In any case I am sure you know what the result of your basement full of gas vapor and the electronic starter on the waterheater will be some cold winter night at 3AM.
 
#10
David,

I'm currently working on a basement, it's very difficult to sum up in a few words, but there is nothing too scientific about the construction. Bear in mind it'll probably consist of lots of steel mesh, re-bar, a few lorry loads of premix & blocks, & some tanking materials.

Getting rid of a few hundred tons of topsoil can be expensive unless you know someone who needs some.

If you have a friendly local structural engineer it may pay you to have an informal chat.

if I can help more please contact me offline!

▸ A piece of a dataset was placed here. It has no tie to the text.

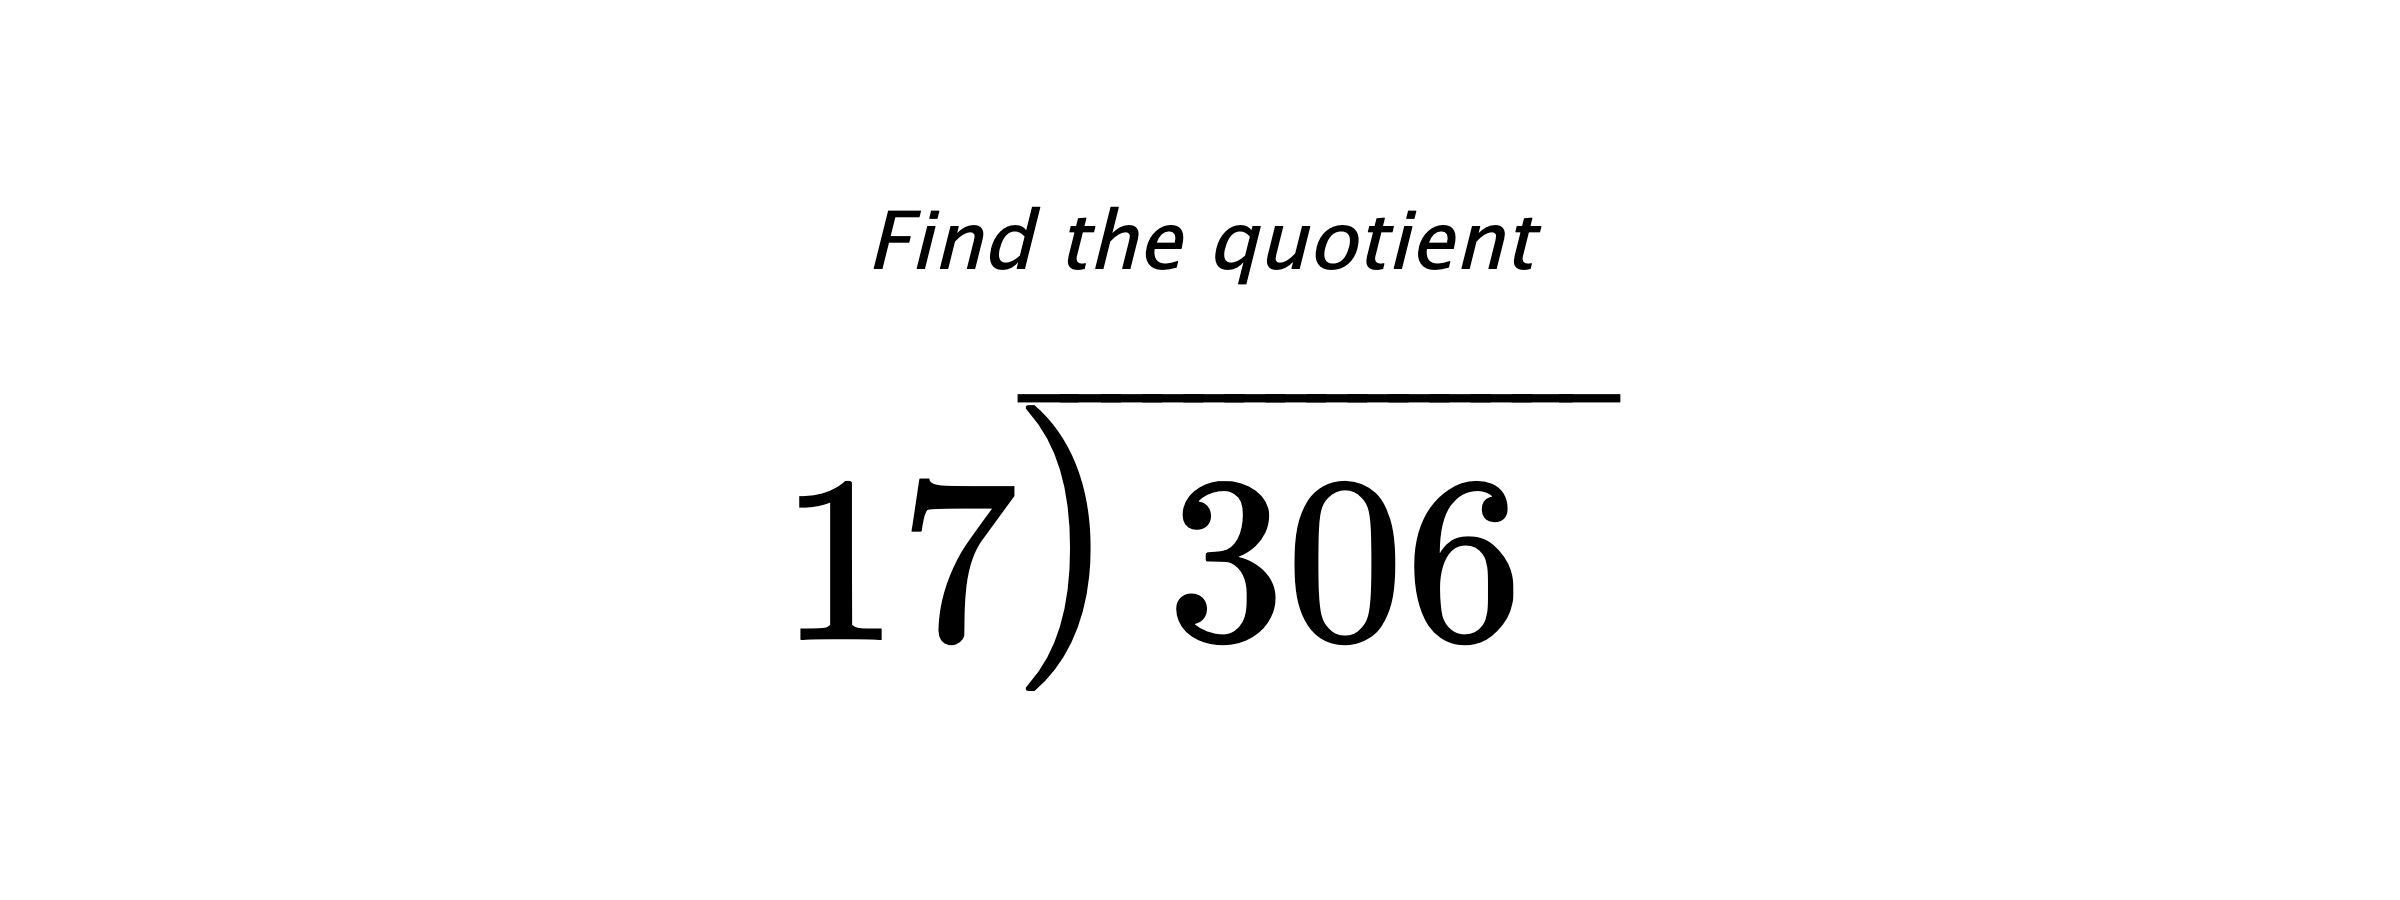 Find the quotient $ 17{\overline{\smash{\raise.3ex\hbox{$\big)$}}\,306\phantom{)}}} $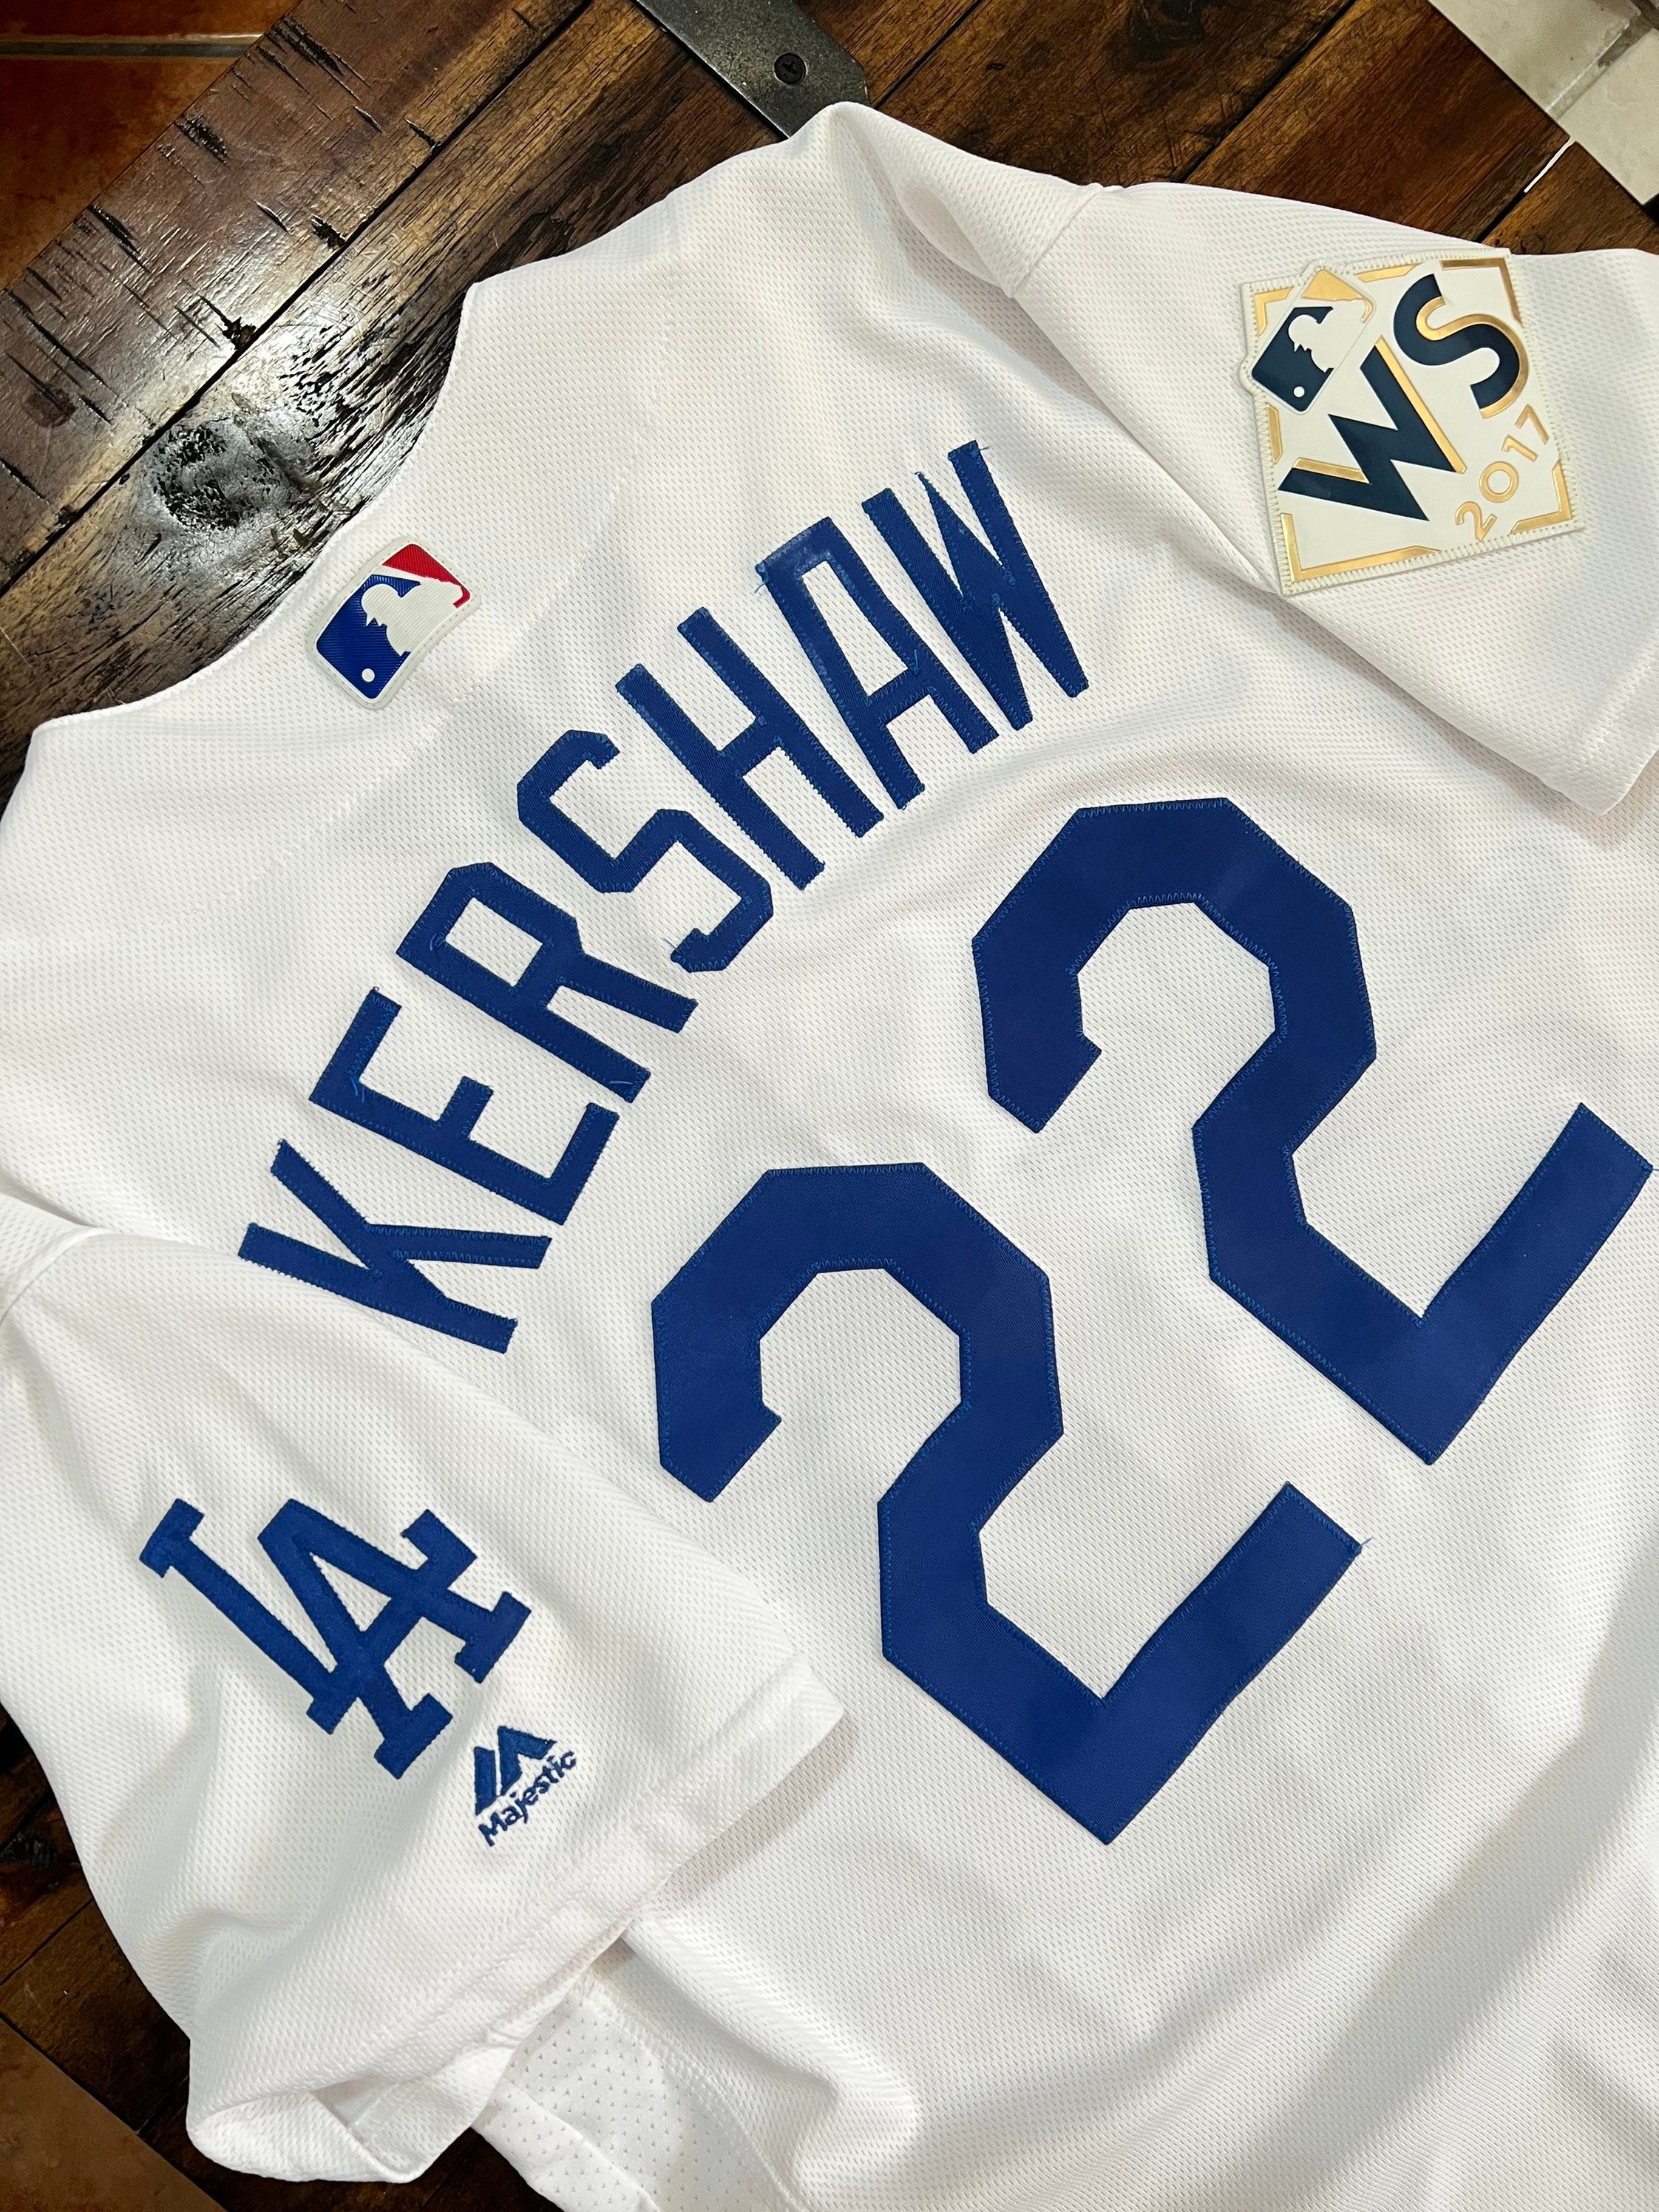 Clayton Kershaw Authentic LA Dodgers Gold Championship Jersey

BTW, no-one has a basement as cool as Batman!

Regds,
 

David Morton

Lifetime Premier Supporter
#12
Thank you everybody for some valuable input for this project.
The challenge is to build it with enough strength so that the driveway to the upper area of the house will be strong enough to park cars and reasonably heavy other vechiles
on top once the drive is put back over the underground garage. The underground garage will exit about 25 to 30m down the hill where there is another gated entrance.
The comments about 'French' drains, ventilation and various alarms are especially noted. Thank you everybody.
Dave M
 

David Morton

Lifetime Premier Supporter
#14
amazing. i wish.......
trying to use a japanese keyboard here without much success.
if yuji comes on the forum telephone numbers changing from tomorrow - tuesday
nborman, thanks - lots of additional ideas there - i would need to work 6 every year instead of 3 to pay for them though.
dm
 

Charlie Farley

Sponsoring Vendor
#15
Jesus!!!
Nothing has changed much since the 'DENSE' years of the 1980's.
Looking at that abortion just reinforces that opinion.
On a cost analysis, it would work out as £10,000 per hour used.
And to reinforce my opinion, look at the predominant colours used, Red and Black, same colours as fashionable quilt covers and interior decor colours of the 1980's.
YAWN!!!!!!
What lack of imagination in it all.
To the 'desigher' sic, what year is it?